I use two-phase initialization only ever if it's hidden behind a wrapping class. If manually calling initialization functions would work, we'd still be programming in C and C++ with its constructors would never have been invented.
Depending on the situation, this may be a case where shared pointers don't add anything. They should be used anytime lifetime management is an issue. If the child objects lifetime is guaranteed to be shorter than that of the parent, I don't see a problem with using raw pointers. For instance, if the parent creates and deletes the child objects (and no one else does), there is no question over who should delete the child objects.
KeithB has a really good point that I would like to extend (in a sense that is not related to the question, but that will not fit in a comment):
In the specific case of the relation of an object with its subobjects the lifetimes are guaranteed: the parent object will always outlive the child object. In this case the child (member) object does not share the ownership of the parent (containing) object, and a shared_ptr should not be used.

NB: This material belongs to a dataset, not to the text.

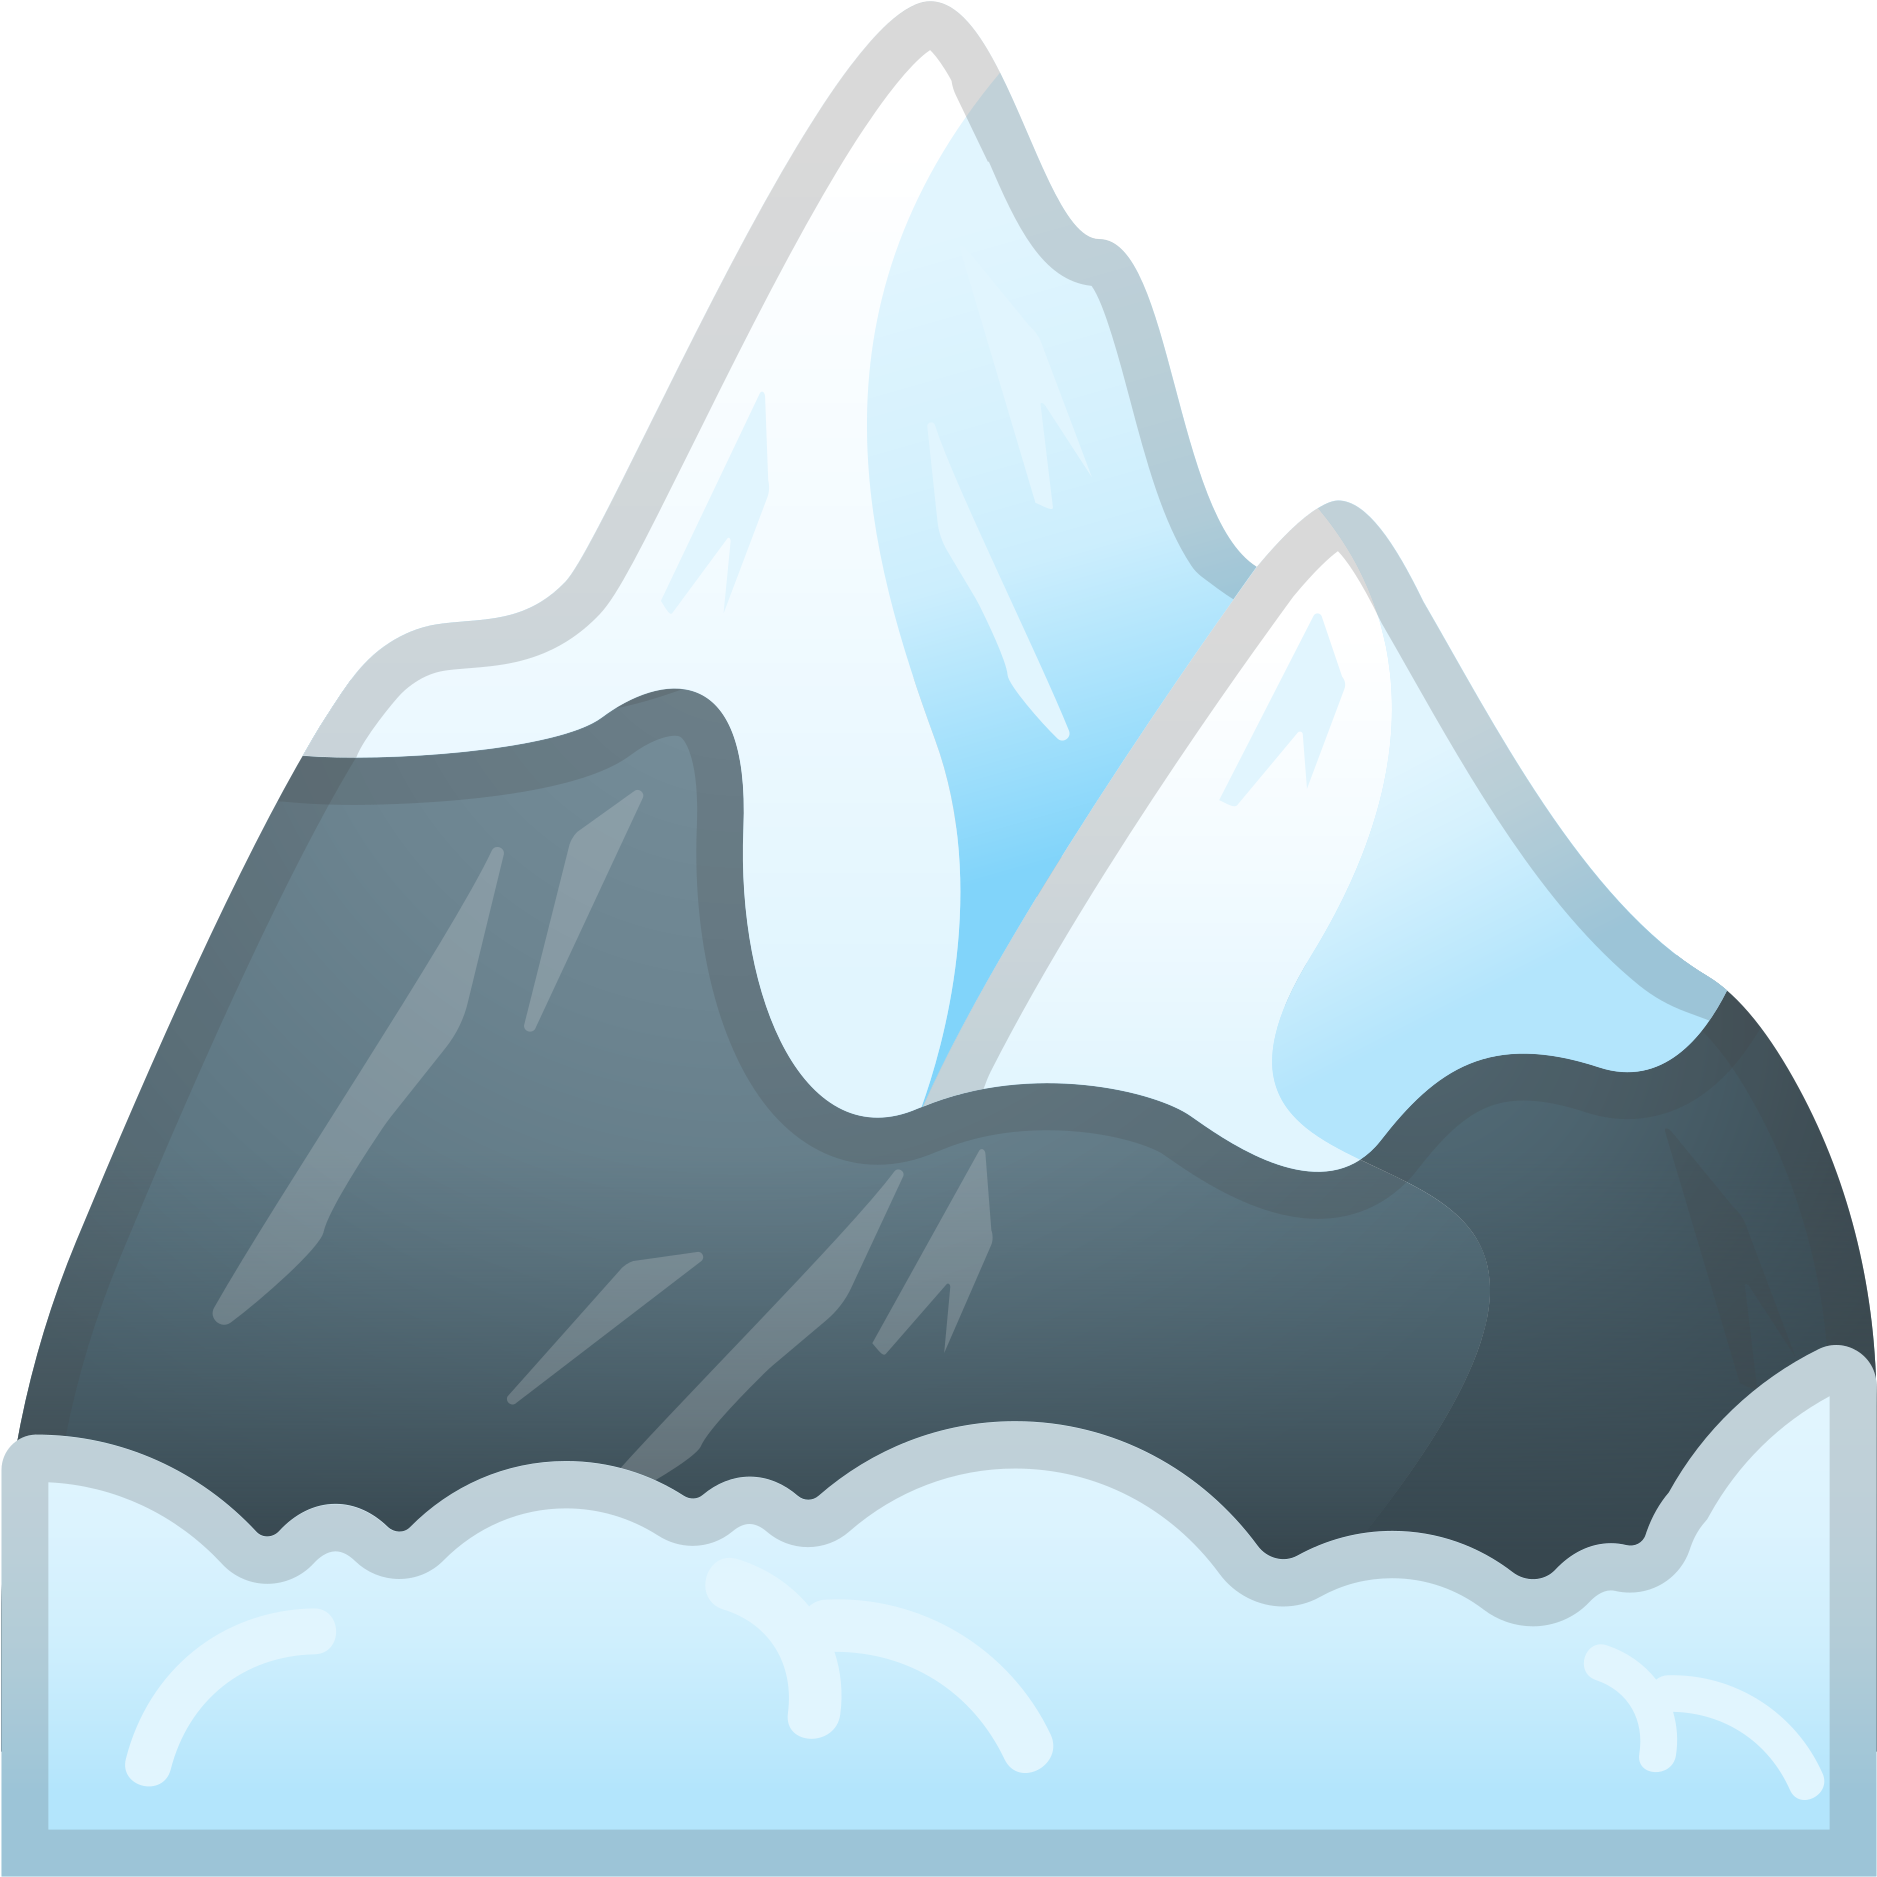 Snowy Mountain Peaks Vector Illustration
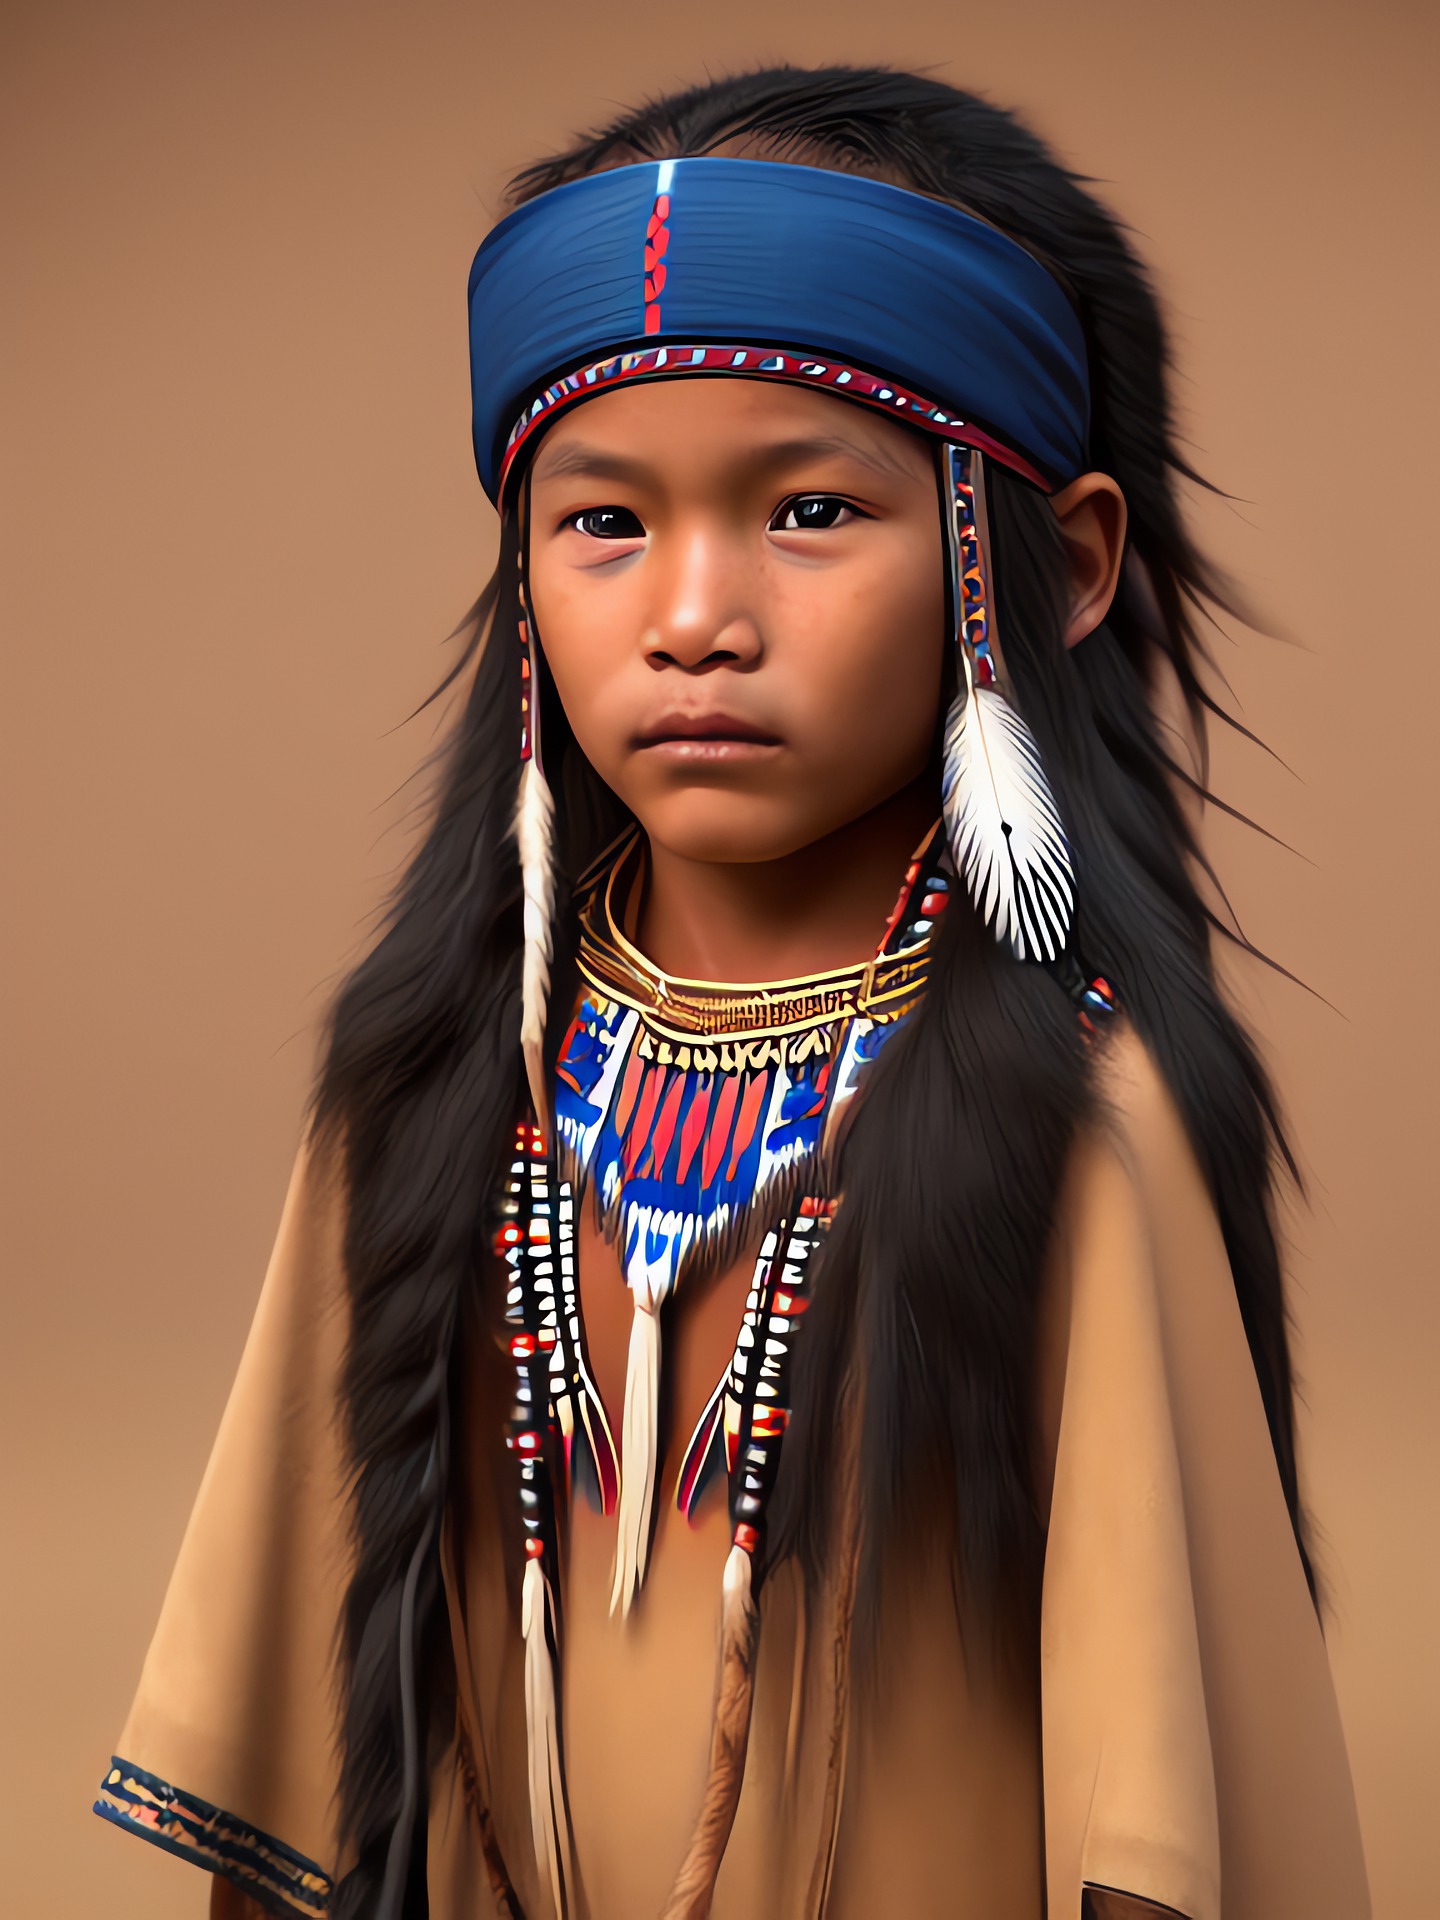 Ein wunderschönes Porträt eines Kindes mit indianischen Wurzeln

It should not be used for semantic reasons (no shared ownership at all) nor for practical reasons: you can introduce all sorts of problems: memory leaks and incorrect deletions.
To ease discussion I will use P to refer to the parent object and C to refer to the child or contained object.
If P lifetime is externally handled with a shared_ptr, then adding another shared_ptr in C to refer to P will have the effect of creating a cycle. Once you have a cycle in memory managed by reference counting you most probably have a memory leak: when the last external shared_ptr that refers to P goes out of scope, the pointer in C is still alive, so the reference count for P does not reach 0 and the object is not released, even if it is no longer accessible.
If P is handled by a different pointer then when the pointer gets deleted it will call the P destructor, that will cascade into calling the C destructor. The reference count for P in the shared_ptr that C has will reach 0 and it will trigger a double deletion.
If P has automatic storage duration, when it's destructor gets called (the object goes out of scope or the containing object destructor is called) then the shared_ptr will trigger the deletion of a block of memory that was not new-ed.
The common solution is breaking cycles with weak_ptrs, so that the child object would not keep a shared_ptr to the parent, but rather a weak_ptr. At this stage the problem is the same: to create a weak_ptr the object must already be managed by a shared_ptr, which during construction cannot happen.
Consider using either a raw pointer (handling ownership of a resource through a pointer is unsafe, but here ownership is handled externally so that is not an issue) or even a reference (which also is telling other programmers that you trust the referred object P to outlive the referring object C)
A object that requires complex construction sounds like a job for a factory.
Define an interface or an abstract class, one that cannot be constructed, plus a free-function that, possibly with parameters, returns a pointer to the interface, but behinds the scenes takes care of the complexity.
You have to think of design in terms of what the end user of your class has to do.
Do you really need to use the shared_ptr in this case? Can the child just have a pointer? After all, it's the child object, so it's owned by the parent, so couldn't it just have a normal pointer to it's parent?